Oven Baked Beans
Author: The Food Allergy Foodie’s Father
Prep Time: 30 minutes
Cooking Time: 4 hours
Serves: 6-8 people
3 cups of French Navy beans
9-10 cups of water (enough to cover the beans)
2 tablespoons Worcestershire sauce
2 cups of Ketchup
1/2 cup of Yellow mustard
1/2 cup honey
1/2 cup Molasses
1 yellow onion, peeled with the ends cut off
1 tablespoon garlic, minced
3/4 cup of gluten-free beer
1/2 teaspoon kosher or sea salt
1/2 teaspoon of black pepper
- Add the three cups of French Navy beans to a 2-quart saucepan with 9-10 cups of water. You want enough water so the beans are covered. Bring the beans to a boil and let cook for 30-40 minutes, or until the beans are al dente. The beans should be a bit firm to the bite and not too soft or mushy.
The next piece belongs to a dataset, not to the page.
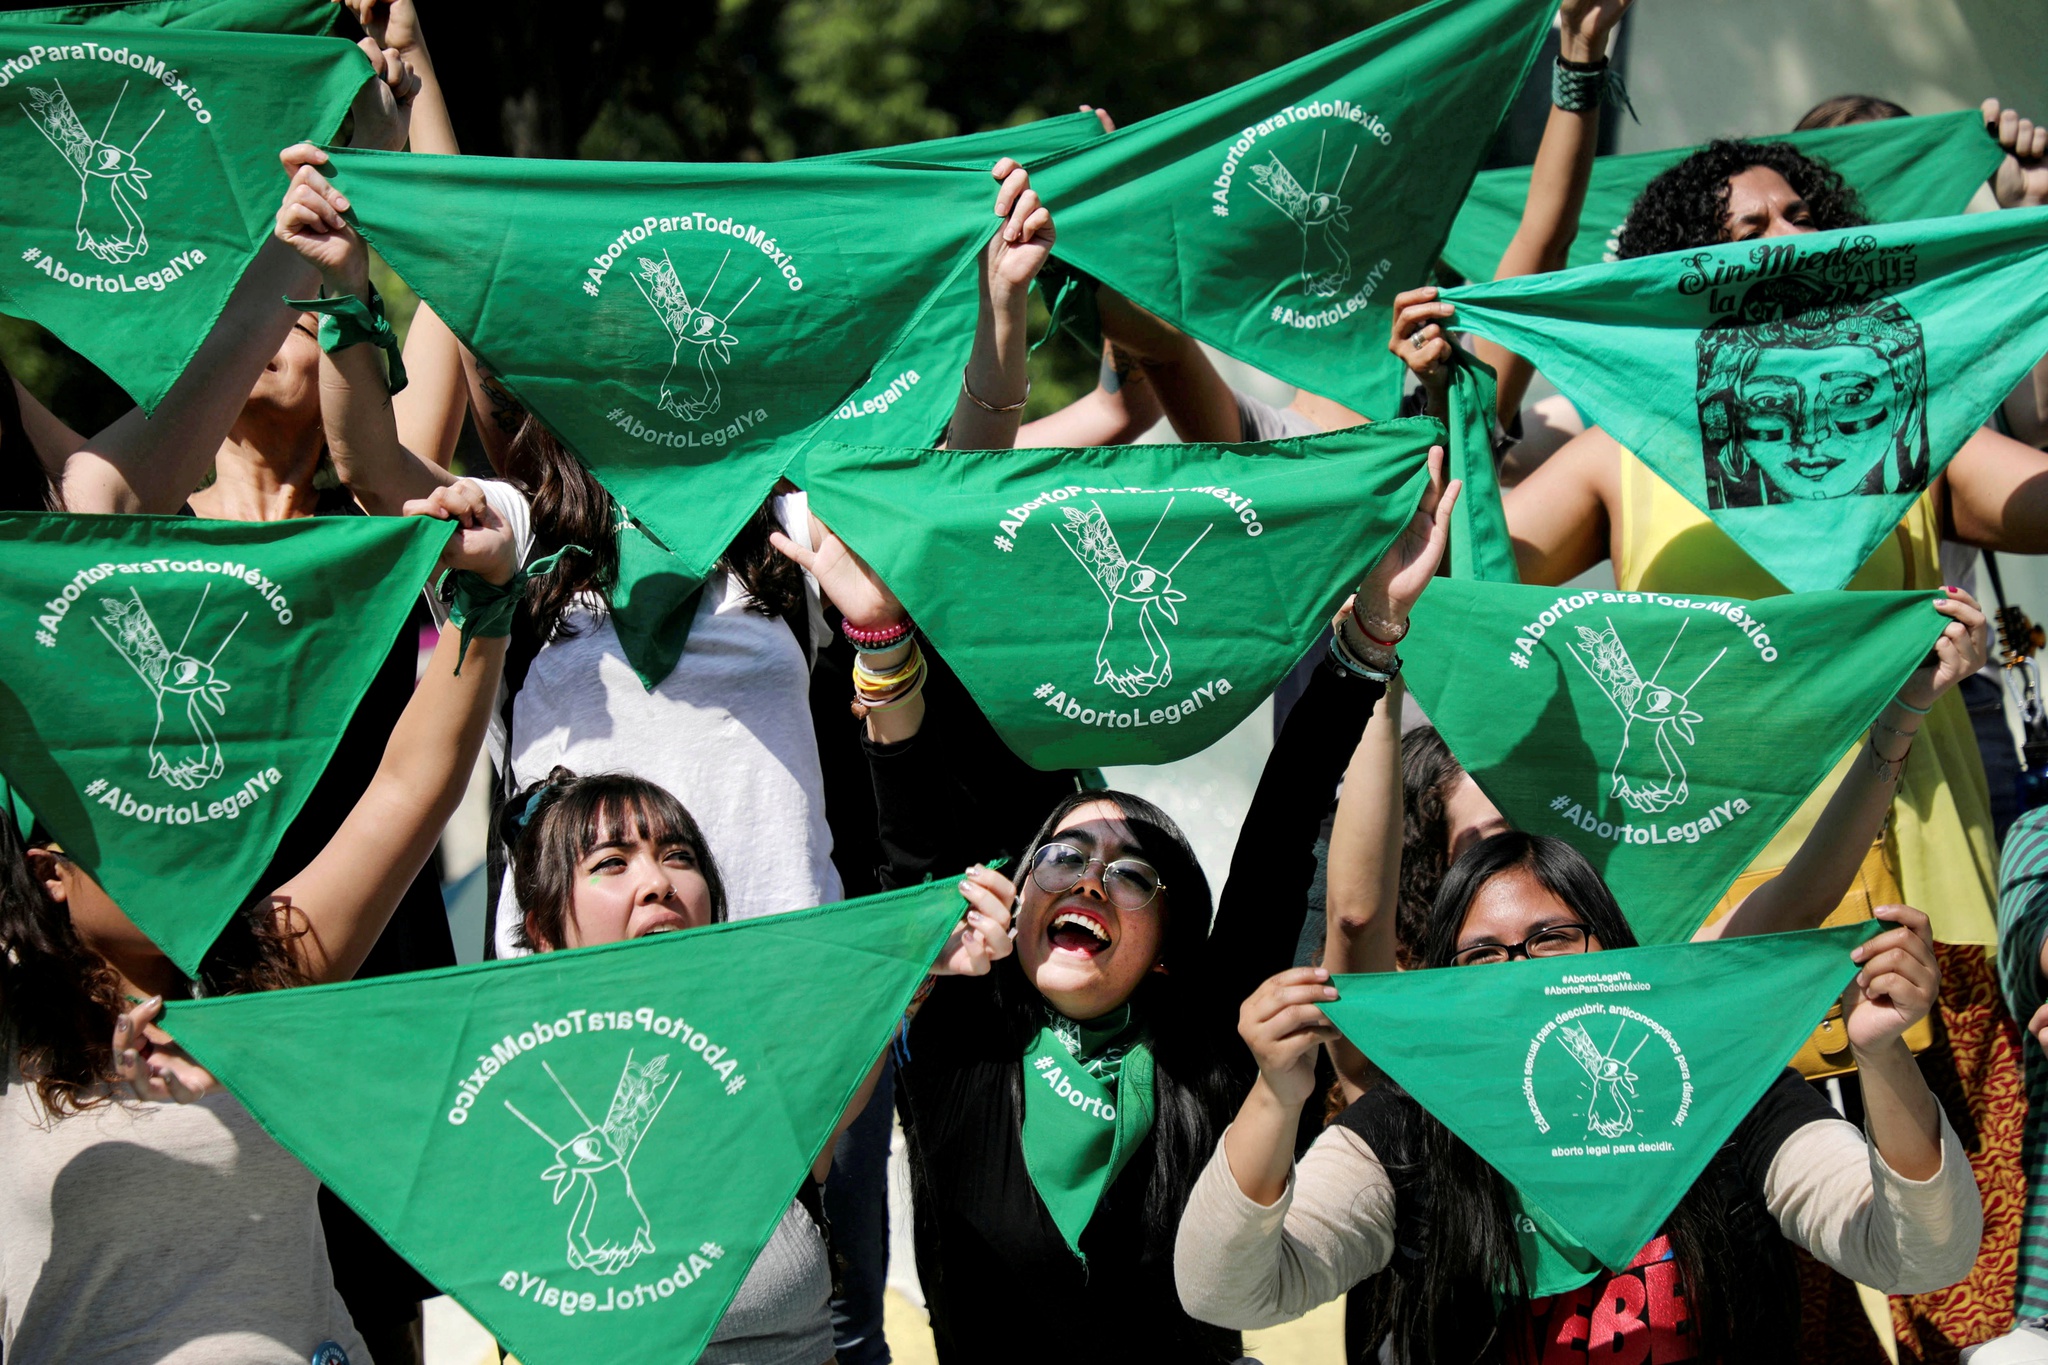 La Corte Suprema de México defiende el derecho al aborto en todo el país |  Aborto

Stir the beans periodically, about every 15 minutes while cooking.
- Once the beans come to a boil, preheat the oven to 325°.
- Using a slotted spoon, transfer the cooked beans into a Dutch oven or stockpot that is oven-safe. Reserve the cooking water, as you will use that as the beans bake in the oven.
- Add the remaining ingredients with the beans in the Dutch oven. Mix well to combine. Place the yellow onion in the center of the pot.
- Cover the beans and place in the preheated oven. Bake for three hours. Check the beans every 30 minutes and add a ladle-full of reserved cooking water as needed. The sauce should be thick so only add as much water as needed to achieve the desired consistency.